Setelah menyelesaikan transfer, anomali itu bergetar disertai desahan.
– Jeong Seo-Ah.
– ……..
– Bahkan setelah ini, apakah kamu masih ingin dilahirkan ke dunia ini?
Berdebar.
Detak jantung yang menopang mimpi janin melemah. Ritme melambat dan suaranya berkurang.
Namun, detak jantung itu tetap berlanjut. Keinginan untuk hidup, yang telah bertahan selama 25 minggu, belum ditinggalkan oleh Jeong Seo-Ah.
Namun, kata-kata anomali itu belum selesai.
– Tentu saja, ada cara untuk menghindari penderitaan seperti itu.
Anomali itu membelai Jeong Seo-Ah.
– Anda juga bisa mengonsumsi dopamin.
Tubuh janin itu tersentak hebat.
– Lalu kamu bisa berpura-pura bahwa tidak ada penderitaan dan kesengsaraan yang meluas di dunia ini. Sama seperti ibumu. Seperti ayahmu. Seperti semua orang yang hidup di dunia ini sekarang.
– ……..
– Mengapa kamu harus menanggung pukulan yang menghancurkan ini? Bukan salahmu dunia ini seperti ini. Kamu hanya dilahirkan. Kamu bisa meneruskannya kepada generasi berikutnya.
Sekali lagi.
– Tetapi jika Anda melakukan itu, Anda akan menjadi generasi pertama yang melakukannya dengan mengetahui kebenaran dari semuanya.
Tetes, tetes.
Cairan yang membentuk tubuh janin juga mulai berkurang.

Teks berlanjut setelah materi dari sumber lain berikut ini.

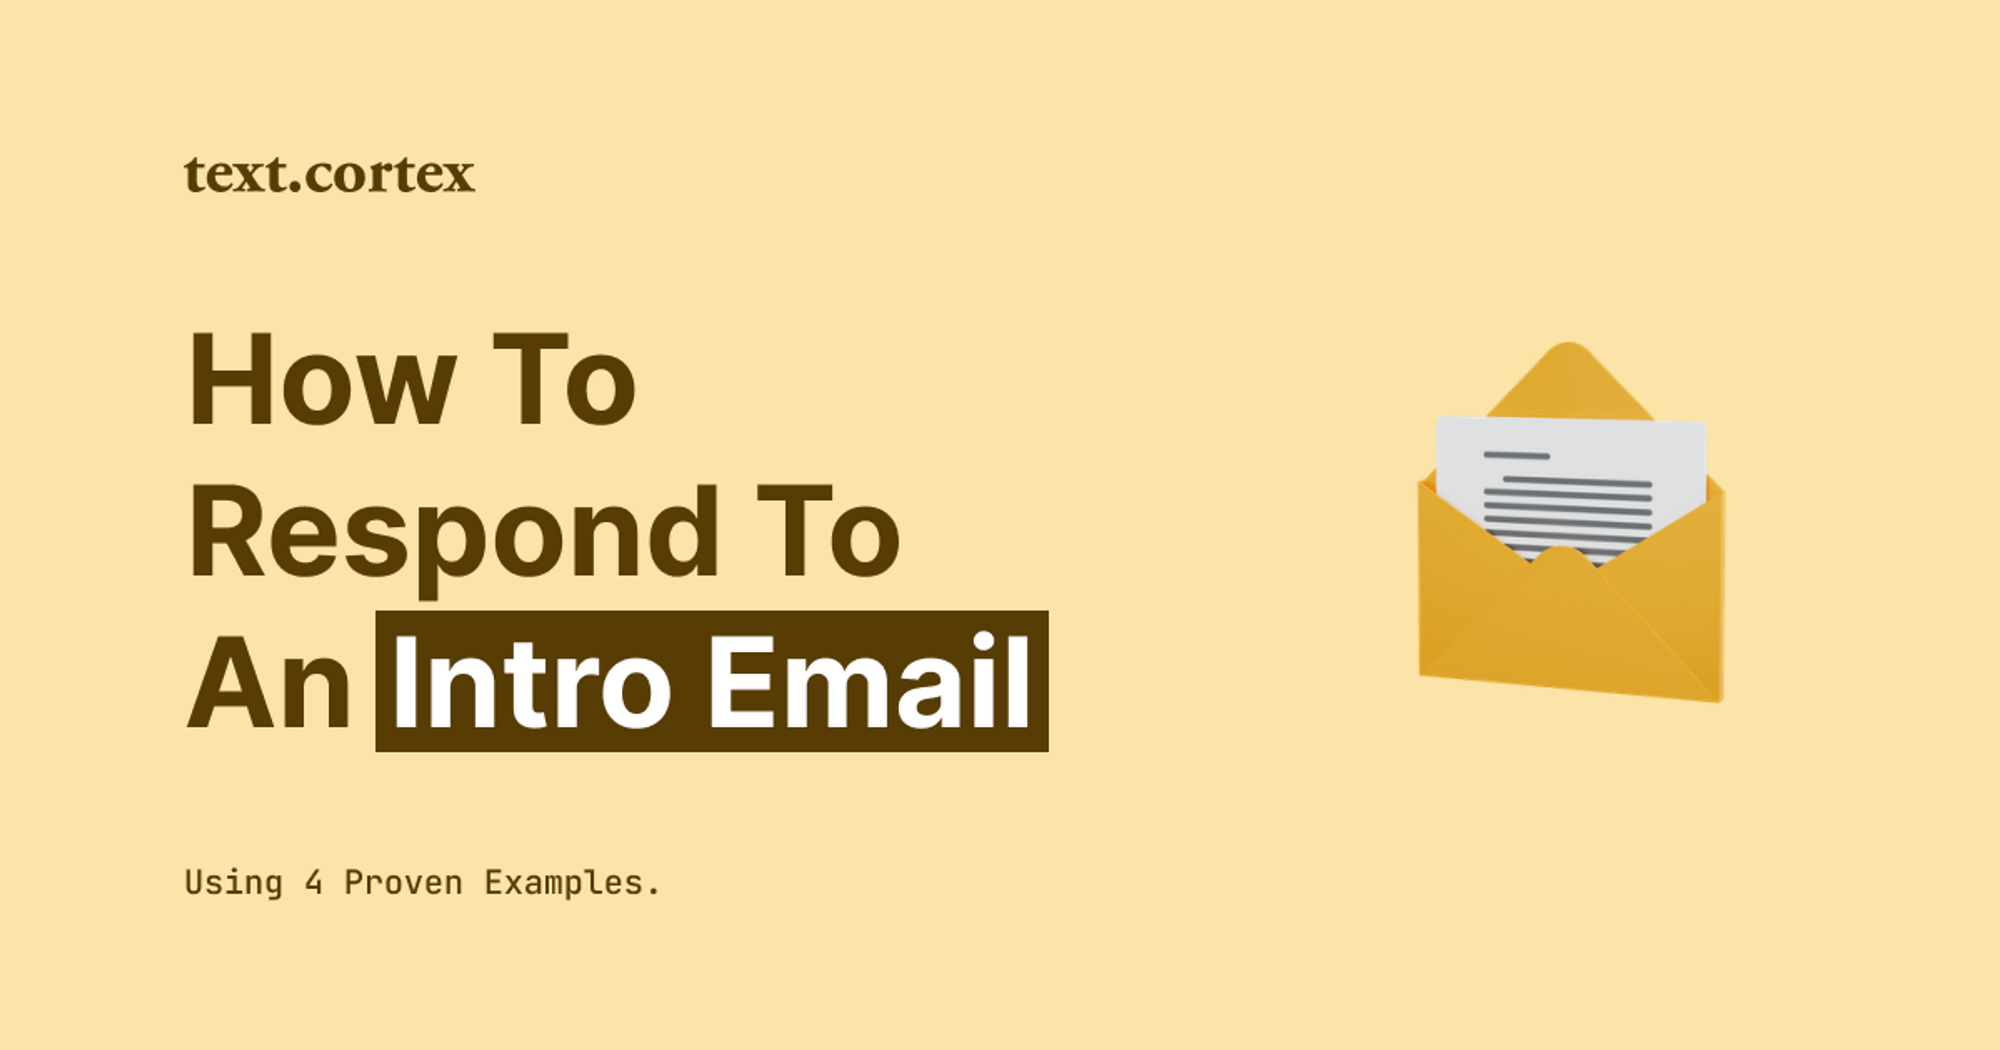 How To Respond to an Intro Email Using 4 Proven Tips

Seperti kulit tua yang mengelupas, tetesan-tetesan jatuh dari permukaan cairan ketuban. Itu adalah air mata. Janin, yang belum mengembangkan anggota tubuh dan fitur-fiturnya, tidak tahu cara lain untuk menangis.
Dari luar kita menyimpulkan bahwa ” ukuran janin secara bertahap mengecil hingga menghilang .” Namun, kenyataannya berbeda. Anak yang terbuat dari air itu menghilang begitu saja dengan meneteskan air mata.
– Ya. Kamu membuat keputusan yang bijak.
Makhluk aneh itu menjulurkan lidahnya ke tetesan air yang jatuh dari janin. Kemudian ia menjilat air itu seperti hamster di dalam sangkar.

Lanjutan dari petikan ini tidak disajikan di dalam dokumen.